If the ice conditions are still good this Friday, I WILL be on the ice north of the Z-bridge in the usual spot, channel 8. The ice should still be good as the warm temps are supposed to hit late Friday. I know alot of you river rats can make it, lets make another outing out of it before the season closes.


----------



## Rat City Hooker (Jan 30, 2003)

Here we go again Count me in Will be there on fri afternoon Lets get them eyes


----------



## slammer00 (Mar 7, 2002)

Come on steely-head, cant you get enough of this. . Yeah I guess you can count me in. I will hit the river tomorrow, the bay thursday and the river the last two days.


----------



## riverboy (Mar 20, 2002)

Well I guess!!!!!!


----------



## fish patroll (May 8, 2002)

i'll be there ch.8


----------



## WALLEYE MIKE (Jan 7, 2001)

You guys gonna be there in the morning? Going to try to talk a couple of buddies into a trip.


----------



## Steely-Head (Dec 2, 2001)

I'll be there from noon til just past dark, but i'm sure some others will be getting there earlier


----------



## slammer00 (Mar 7, 2002)

I will be down there around 2 or so and fish till dark, but if we do good on the bay on thursday I will probably go back to the bay, but we will see.


----------



## fish patroll (May 8, 2002)

i should be there from 6 am to ?


----------



## patcheroo (Jan 3, 2003)

Was able to talk the boss into giving me Thursday and Friday OFF WORK YEEEEAAA!!!! I should be there bright and early. Art you still having trouble getting up in the morning? He..He......Patch


----------



## Steely-Head (Dec 2, 2001)

Nope, cant do it! The late bite for me!


----------



## Gus (Jan 14, 2003)

I should be there if the ice holds out! I hooked

Gus


----------



## Steely-Head (Dec 2, 2001)

Attendance list as of now:

Slammer00 
Patcheroo (morning)
Steely-Head
Riverboy 
Trophy Tracker (morning)
Gus 
Rat City Hooker
Walleye Mike (morning?)


----------



## slowpoke (Jan 30, 2001)

"Z" bridge Wed. from 2pm till dark report: Ice was 8" where I was, did not see many fish caught,{ seen 8 caught}, water temp 32-33F, I got one 8lb-13oz. just before dark. I'll be up there some time Fri. don't know what time. cya.


----------



## Young Steve (Jan 12, 2001)

I've been there 4 times and haven't caught squat!! I should be there sometime after 2pm. 

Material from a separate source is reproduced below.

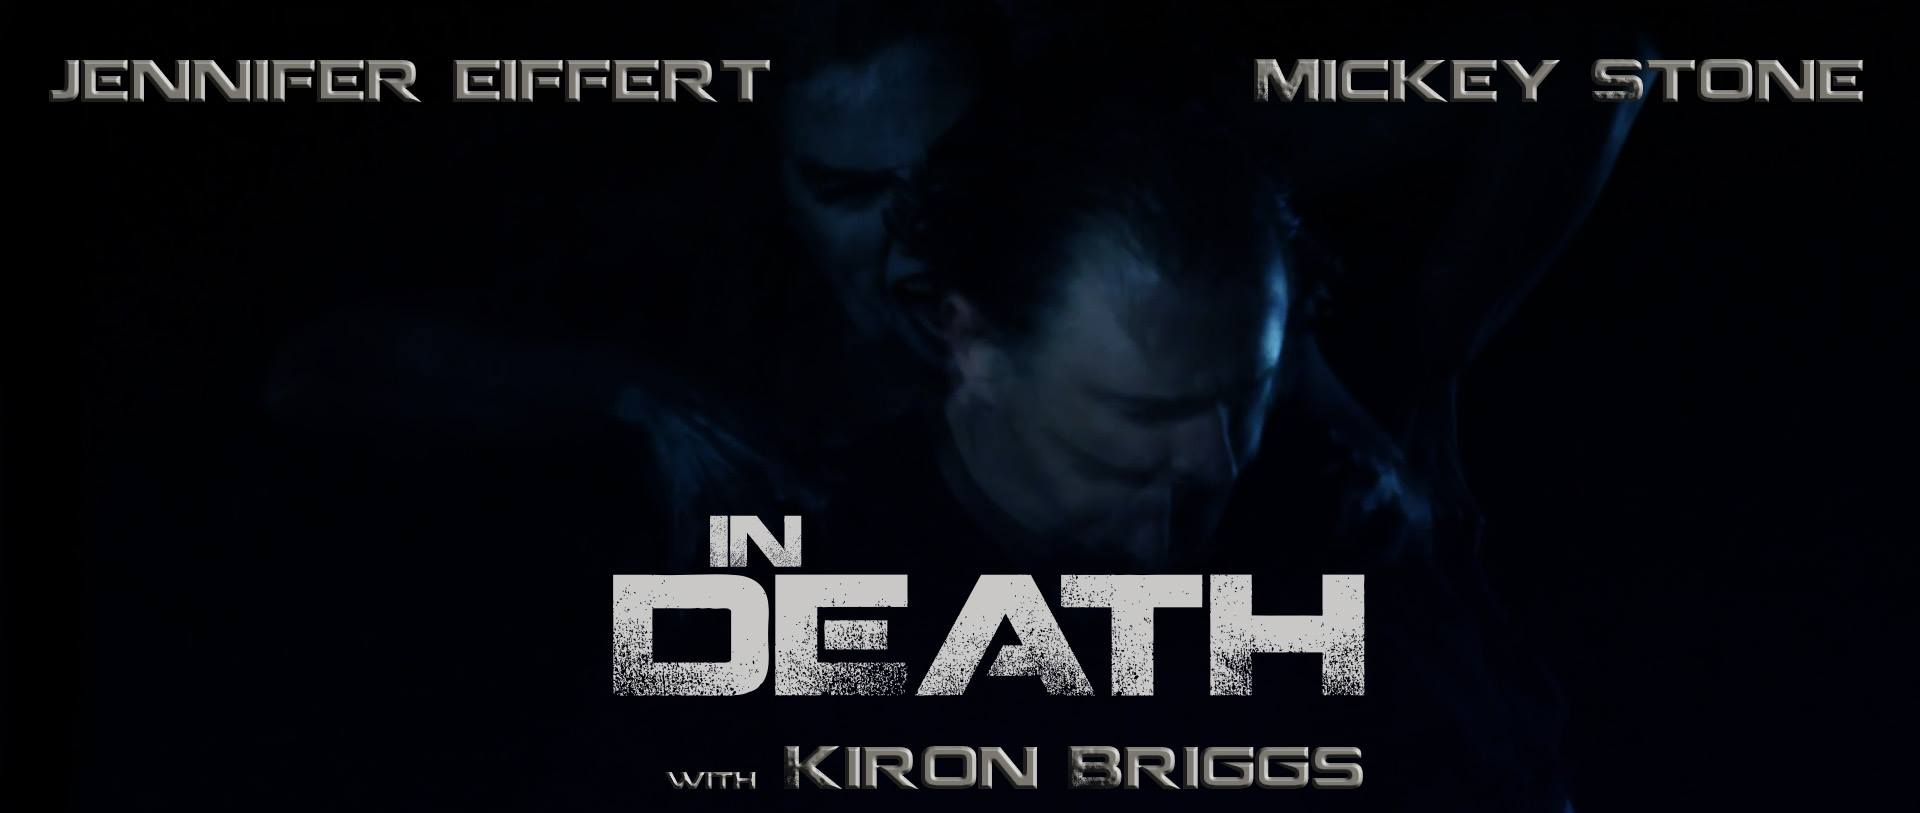 Movie poster for the short film 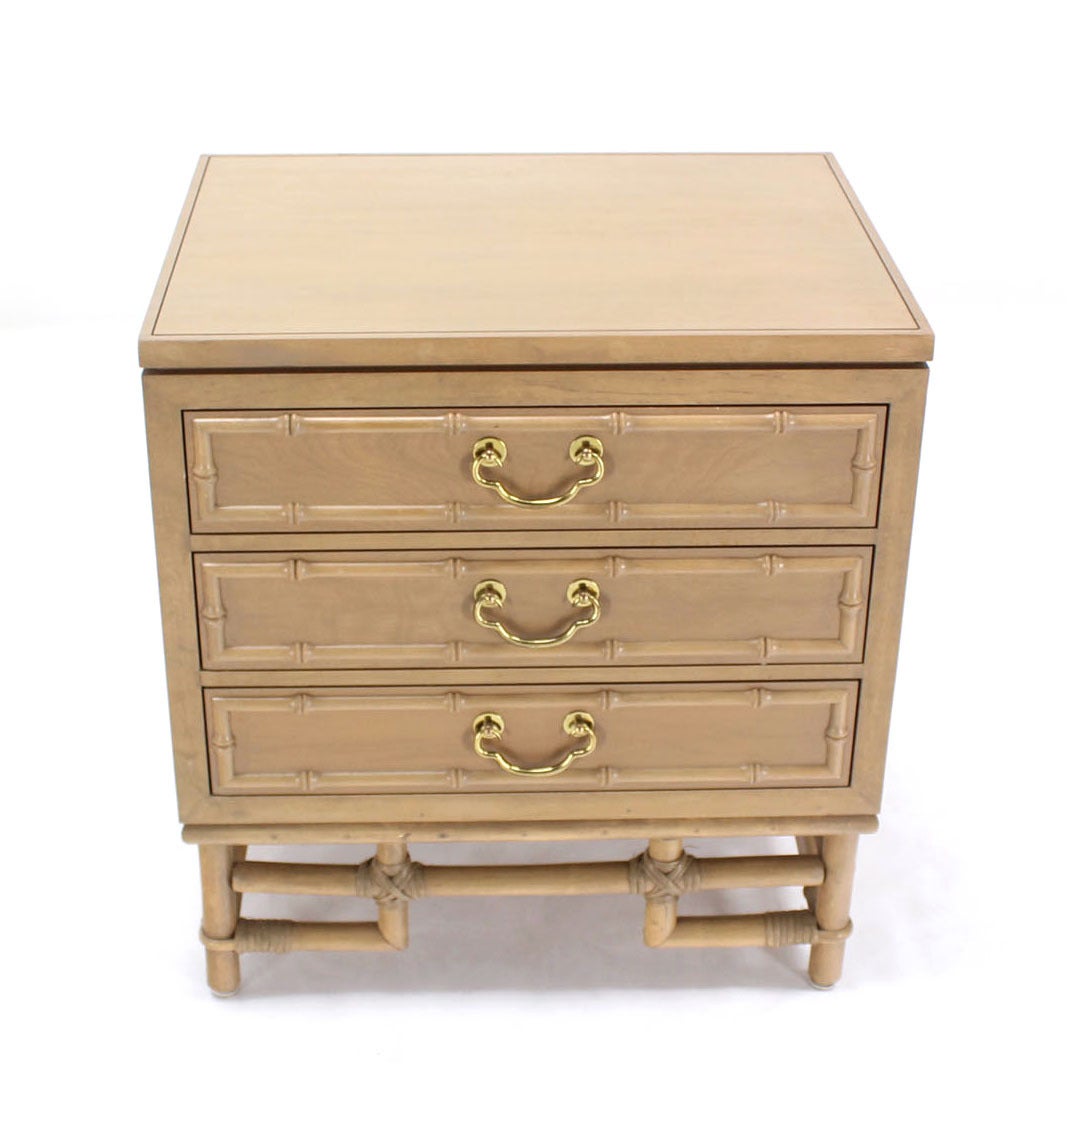 American Faux Bamboo Three Drawer Petite Beige Lacquer Chest Dresser Brass Pulls

Is everyone going down by the powerlines or the same spot the first outing was?? I guess I should bring my radio.

Fish On!!


----------



## Steely-Head (Dec 2, 2001)

Powerlines for me, downstream from the parking. I have gotten 5 fish in that general area over 4 trips. Granted, two were dinks, but that's still action.


----------



## WALLEYE MIKE (Jan 7, 2001)

I'm out for tomorrow. Todays snow plowing whacked me out. Not as young as I used to be. Hope you all limit out and make me feel bad.


----------



## fish patroll (May 8, 2002)

i'm not going to make it tommorrow i've come down with the flu.


----------



## Steely-Head (Dec 2, 2001)

Well, I called the last outing a "mini outing" in the original thread and 25 guys showed up. I call this an "outing" and we will be lucky to have 7 or 8!   Oh well, I'll see everyone out there!


----------